In the experiment with rotation attack, clockwise rotation angles from 5 to 90 degrees are used. The rotation correction algorithm [12, 18] is used before the watermark extracting. An example of video rotation correction is shown in Fig. 9. The extracted watermark and NC are shown in Table 4, Both our algorithm and the algorithm in literature [23] have the performance of resisting rotation attack.

Fig. 9
figure 9

Example of rotation correction

Table 4 Results for rotation attack

The extracted watermark and NC after video cropping attack are shown in Table 5. Our algorithm has a slightly better robustness against cropping attacks than literature [23].

Table 5 Results for cropping attack

Compression is the most vulnerable video attack. Video watermark algorithms should be robust to compression attack. H.264 compression is used in watermarked video. The watermark and NC extracted using different compression ratios are shown in Table 6. The experimental results show that the proposed algorithm is robust to compression attack, when the compression ratio is above 60%, our algorithm can fully extract the watermark information, and the watermark information extracted when the compression ratio is 20% has only slight error.

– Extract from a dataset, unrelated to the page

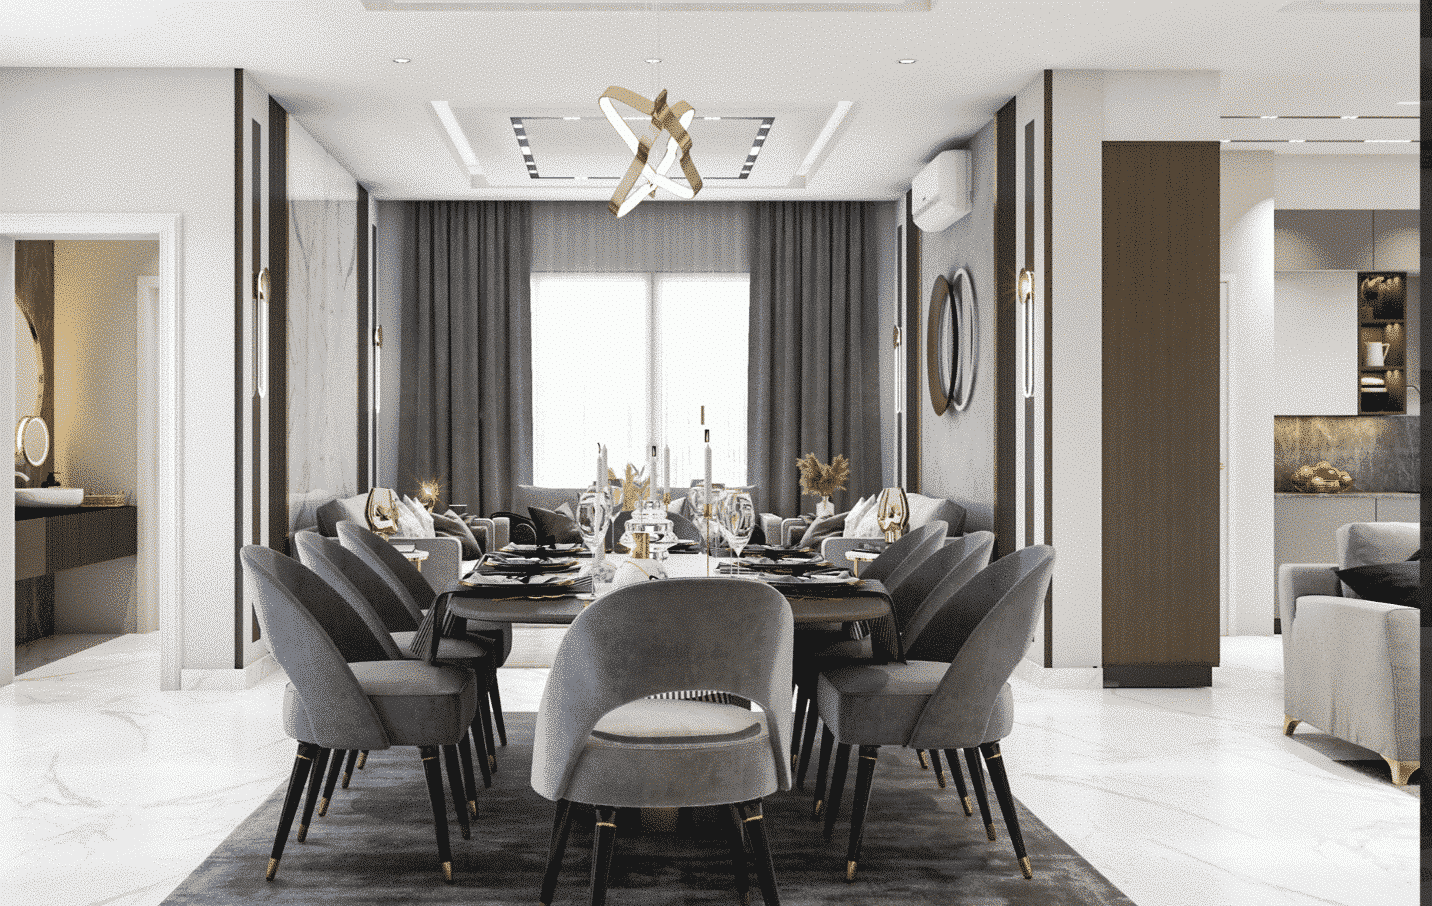 The Best luxury Dining Rooms In Egypt, The Best luxury Dining Room In Cairo, Modern Dining Room Egypt 2023, ارقي معرض اثاث في مصر, Best Dinning rooms store, اسعار سفرة
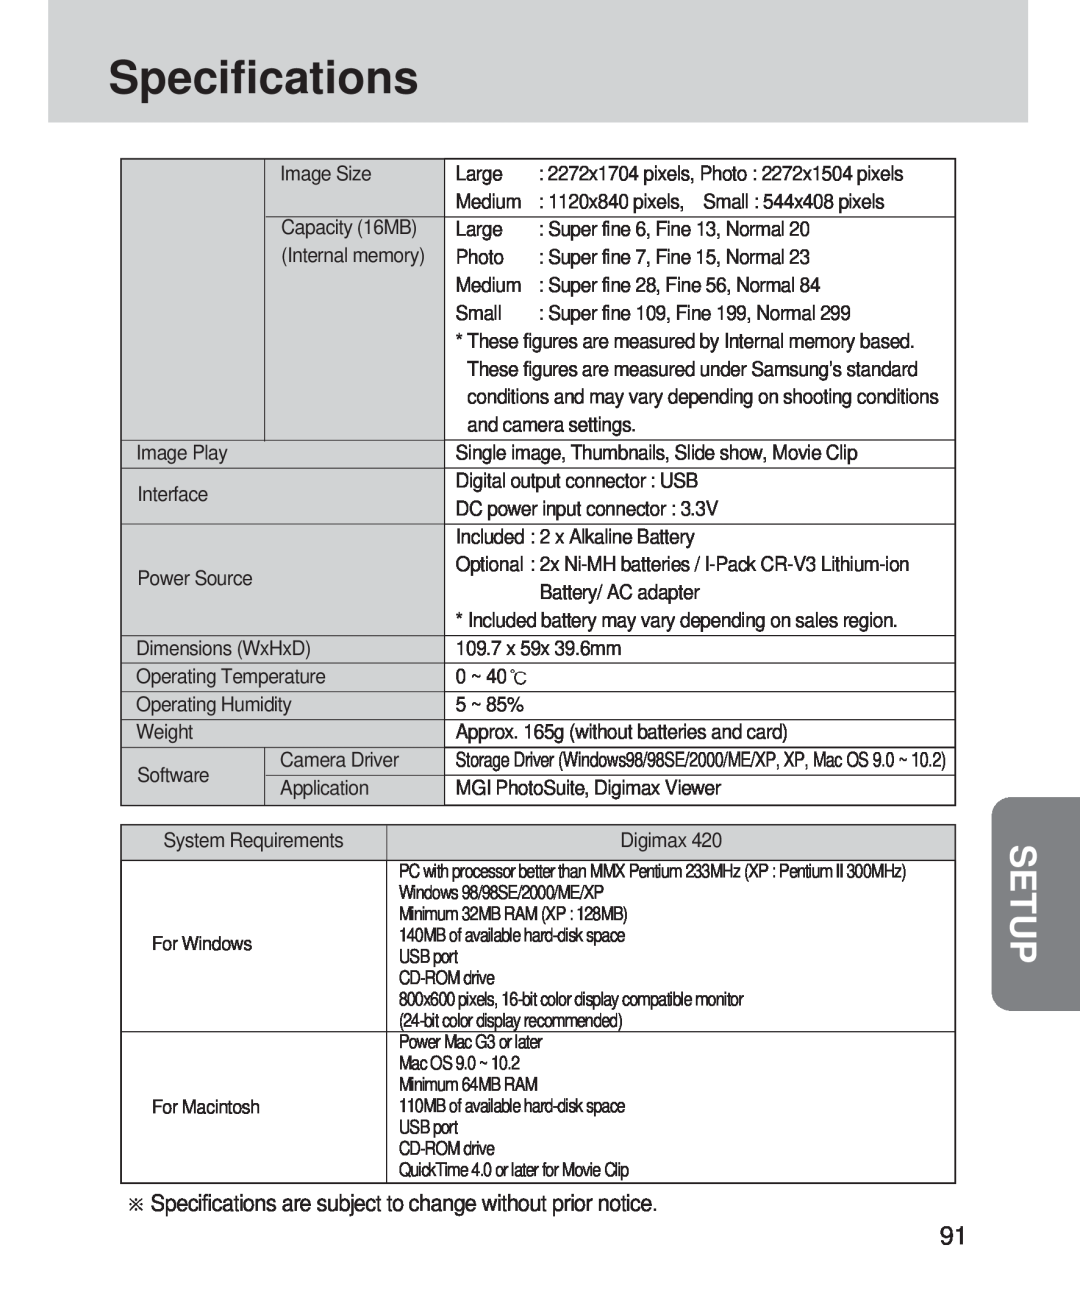 Samsung 420 manual Setup, Specifications are subject to change without prior notice

Table 6 Results for compression attack

In addition, the video is susceptible to noise pollution both in storage and transmission. The performance of the algorithm is tested with noise attack. Common noises are salt and pepper noise, Poisson noise, Gaussian noise and so on. Noise-enhanced videos are shown in Fig. 10, and NCs of the extracted watermark are shown in Table 7. All NCs in Table 6 are above 0.9, therefore the algorithm is robust to common noise attacks.

Fig. 10
figure 10

Example of video noise adding

Table 7 Results for noise attack

In order to further prove the effectiveness of our algorithm, we compare it with the watermarking schemes proposed in literature [2, 3]. In [3], all the videos are of size 352 × 288 with number of frames 300, the watermark of size 32 × 32 is presented. In [2], all the videos are of size 352 × 288 with number of frames 300, the watermark of size 23 × 46 is presented. In Table 8, we use NC values to evaluate the robustness of each algorithm, and it can be seen that our algorithm is more robust for equalization, frame deletion, and video compression.

Table 8 Comparison with [2, 3] for different attacks

5 Conclusions

In order to make full use of the correlation and redundancy among adjacent frames of a video, a video is encapsulated as a tensor and high-order singular value decomposition is used to obtain the feature tensor of representing its main energy in this study. The first front slice of the feature tensor is the tensor feature map that contains the main information of each frame of a video. According to the stability of the tensor feature map, a video watermark algorithm based on the tensor feature map is proposed. Different from the general video watermark algorithms, tensor is used in video watermark, the correlation and redundancy among adjacent frames of a video are used to improve the robustness of the algorithm to common video attacks. The watermark information is distributed in each frame of a video by embedding the watermark into the tensor feature map. The robustness and transparency of the algorithm are ensured. However, because a cropped video causes energy loss to its feature tensor, the robustness of the algorithm to cropping attack should be further improved in the future.